Machine Learning Reduced Workload for Covid-19 Literature

Article type
Authors
Kothari K1, Storr A2, Thomas J3
1CONSULTANT to the World Health Organization, Consultant to Library & Digital Information Networks, World Health Organization, Geneva, Switzerland
2Cochrane Central Executive Team, London, United Kingdom
3EPPI Centre, UCL Social Research Institute, University College London, London, United Kingdom
Abstract
Background: This study developed, calibrated, and evaluated a machine learning (ML) classifier designed to reduce citation screening workload for COVID-19 research. Even though this classifier was initially developed for the WHO COVID-19 Research Database, a comprehensive database of COVID-19 literature, it has long-term applications for systematic reviews on COVID-19.
Objectives: To build a machine learning classifier to help identify records for inclusion/exclusion in the WHO COVID-19 Research Database.
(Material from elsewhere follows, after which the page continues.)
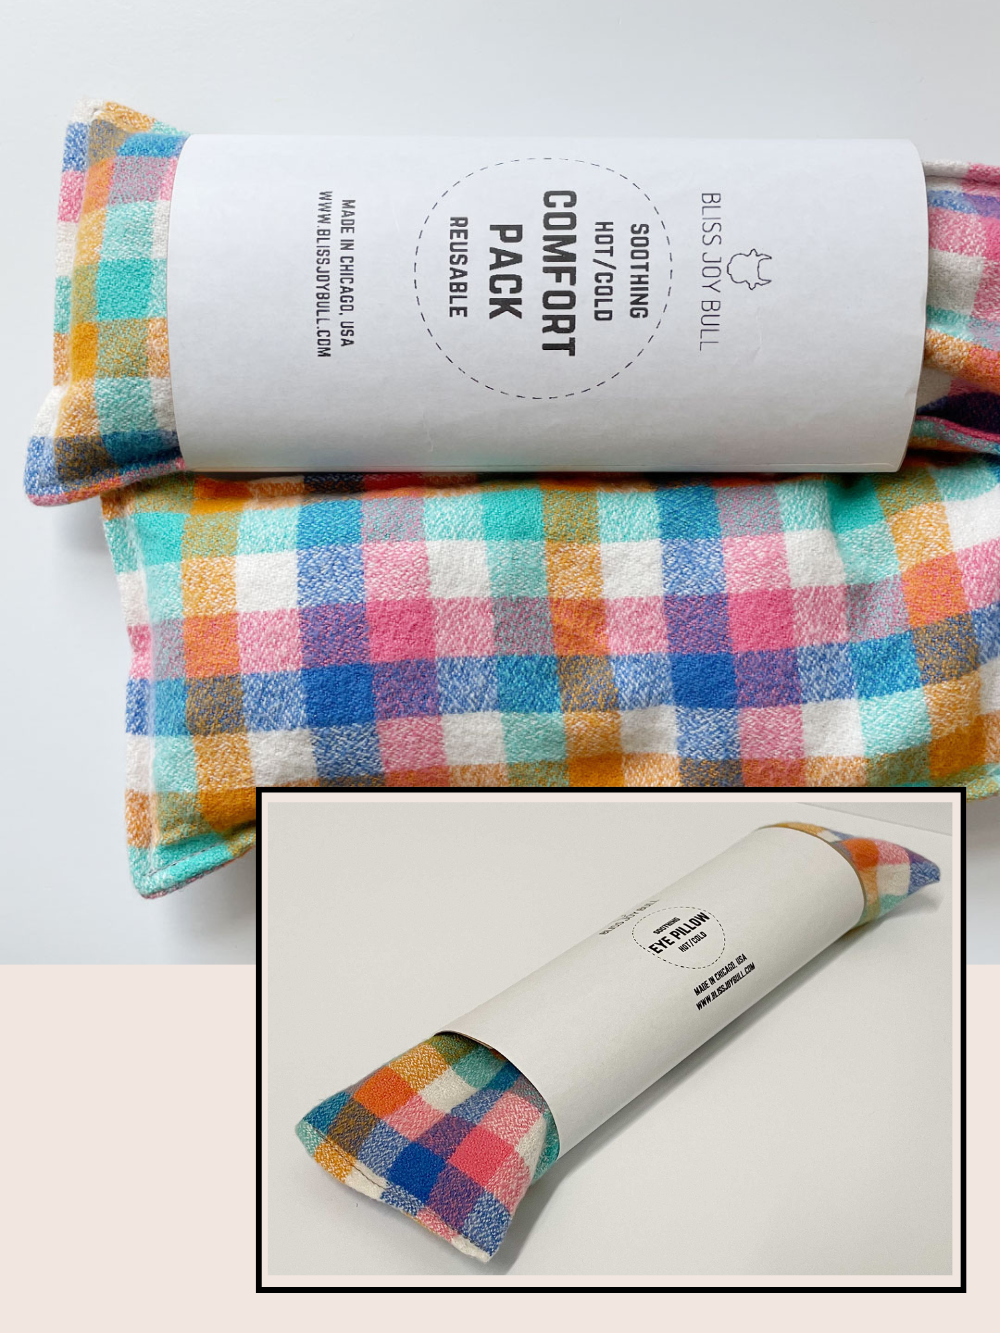 Two grain bags filled with cherry pits; one for shoulders and one eye pillow with white labels. In a colorful, bright plaid fabric.

Methods: In order to train this classifier title-abstract records which were included or excluded in the WHO Covid-19 Research Database from 2020-2022 were used. An initial dataset of 6,931 citations and a second dataset of 4,329 citations were used for training. These data were initially labeled by information specialists as well as a semi-automated process based on title keywords. The data were imported into EPPI-Reviewer, assigned to code sets, and used to train a logistic regression classifier using tri-gram ‘bag of words’ features. The classifier was then calibrated and internally validated using a third data set of 20,160 citations. A cut point below which records would not require manual screening was established. A further upper cut point for the database use case was established, above which records could be included in the database without manual screening. The classifier was then validated on 5 COVID-19 reviews retrospectively, covering a broad range of topics. This determined if the classifier was able to reduce the screening workload for a systematic review without excluding the finally included records.
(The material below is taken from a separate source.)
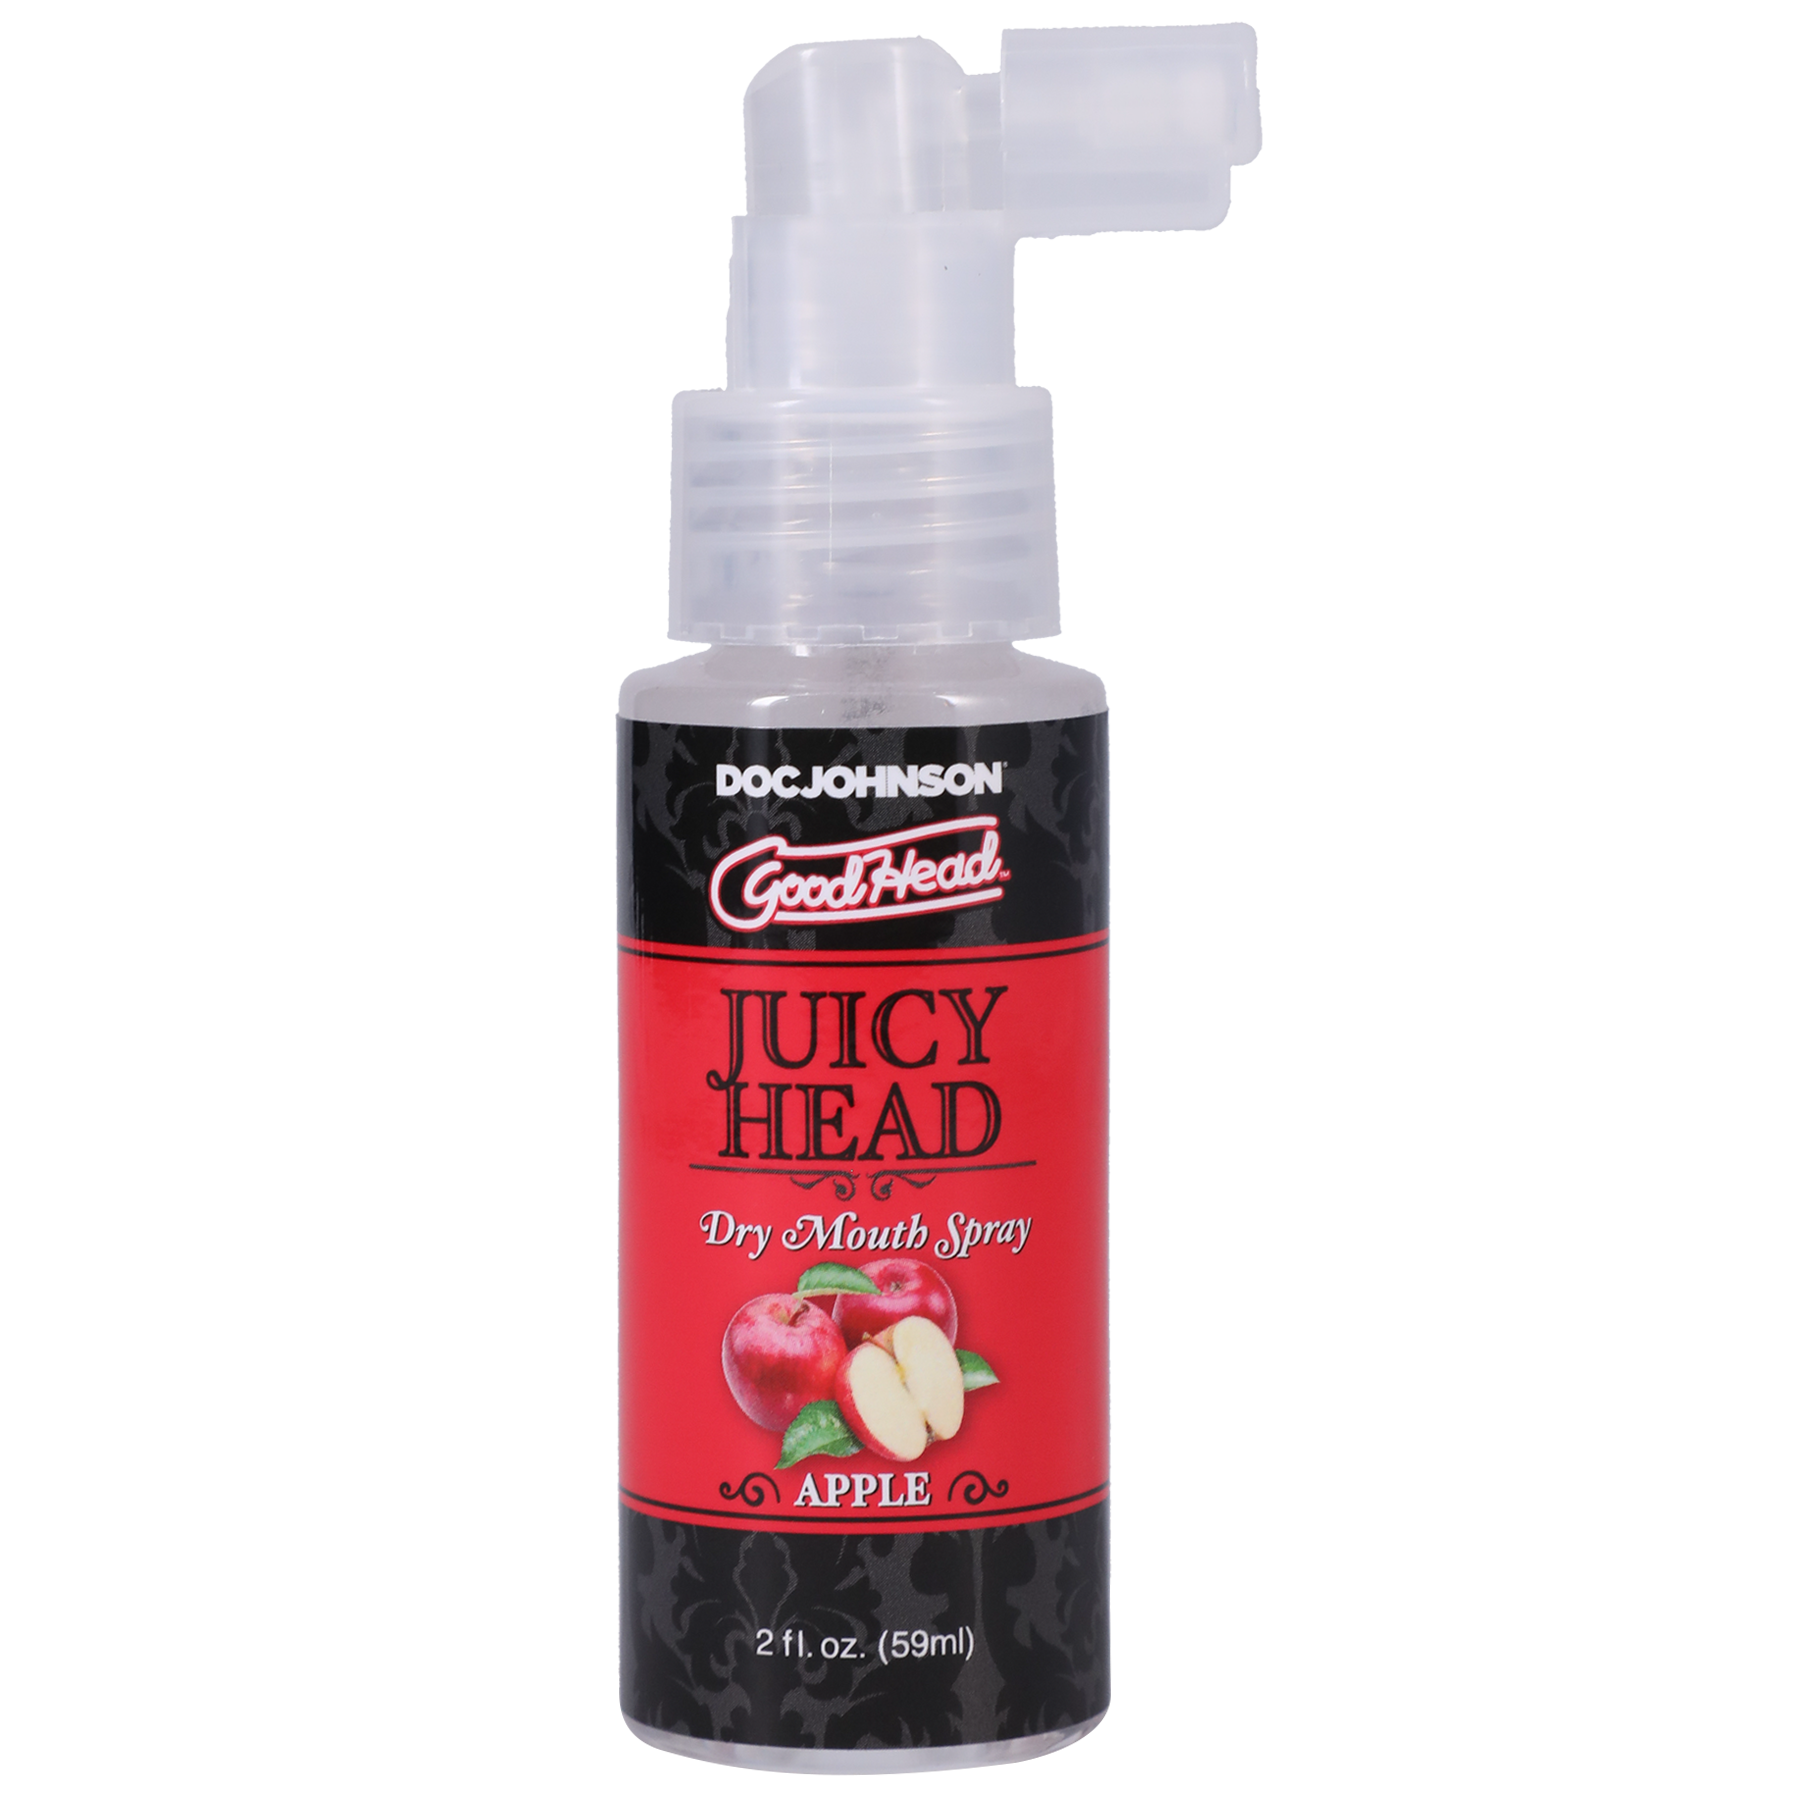 Photo of the bottle of GoodHead Juicy Head from Doc Johson (apple) shows its easy to use pump spray nozzle.

Results: The “WHO-Cochrane-UCL COVID-19 Classifier” was trained using 11,260 records, out of which 6,939 citations were labeled for inclusion in the WHO COVID-19 Research database. A classification threshold was set using 20,160 records and the classifier was set to achieve a target recall of 99%. Using a lower and upper cut-point allowed for an estimated net screening workload reduction for the database use case of 75%. When tested against the final included citations identified for five COVID-19 reviews, the classifier achieved 100% recall at the pre-specified cut-point.
Conclusion: The WHO-Cochrane-UCL classifier reduces manual screening workload with a very low risk of missing eligible studies.